The truth is that she fulfills the majority of my desires from any one person, but she doesn’t fulfill all. No one person possible could. However she was raised to (falsely) believe that a wife should be EVERYTHING to her husband and that he should want for nothing from anyone else. She now rationally knows that this is not possible and is a burden that she should have never believed in, but she’s having a hard time breaking herself of that notion, and when she falls back into old ways of thinking she resumes feeling like a failure if I want to have sex with other women. And I do want to have sex with other women. In the last few months, she’s let me have sex with three different women without her being present. And we’re all doing great! (One was with the woman’s husband present.) Christy has told me that I can go have sex with that woman again. That woman invited me to have sex with her next week without her husband present. I checked with her husband and he’s great with it. 


The other challenge is that Christy has a minor disability that occasionally keeps her from being as physically active as she wants to be. It can interfere at unpredictable times. In the past, I felt like she was sometimes using it as an excuse to avoid uncomfortable situations, and I feel bad for thinking that. (I can’t think of any examples of that happening so it’s probably not true, just my perception.) We were supposed to do something sexy last weekend, but her health got in the way.

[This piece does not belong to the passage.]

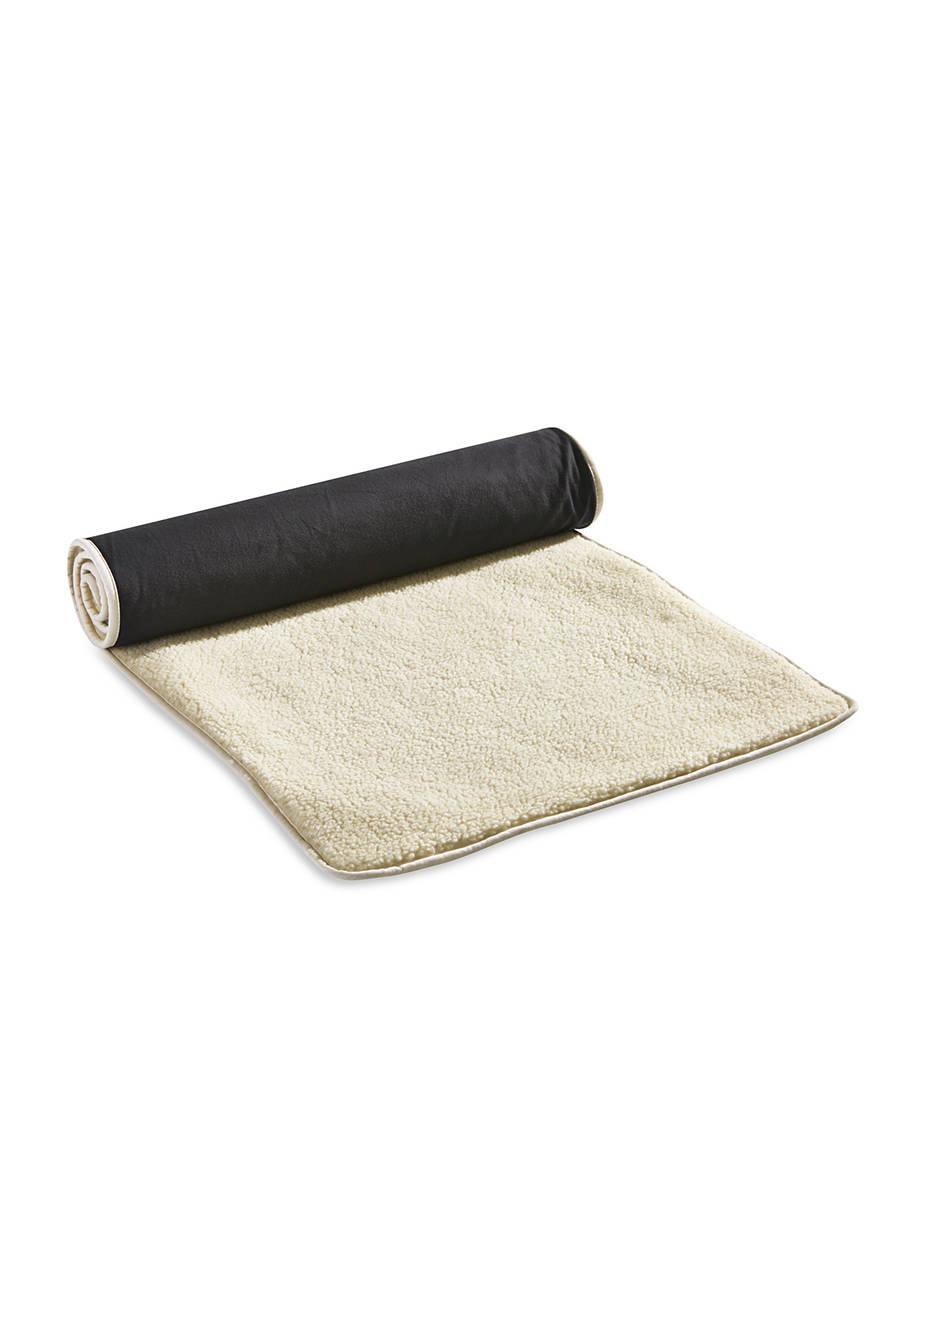 Yogamatte Lammflor in Bio-Qualität

My challenge has been/is that I not be a mopey sack when that happens. I need to believe that she’s really trying to do her best and that she’s not using it as an excuse. When I mope, she then quietly gets mad and is less willing to accommodate me. We then get into a viscous cycle of digging in. I need to assume she’s doing her best, and I need to accept what she does.

2 comments:

  1. For me the LDS teach there is not just one person in this life or in the next. Many of the GAs have talked about this very issue that there isn’t just one. I postulate it’s many people that we have to interact with to get our needs and desires met.

    If the above is true this means one for one goes both ways. You can’t be her only and she isn’t your only. Each needs more than one.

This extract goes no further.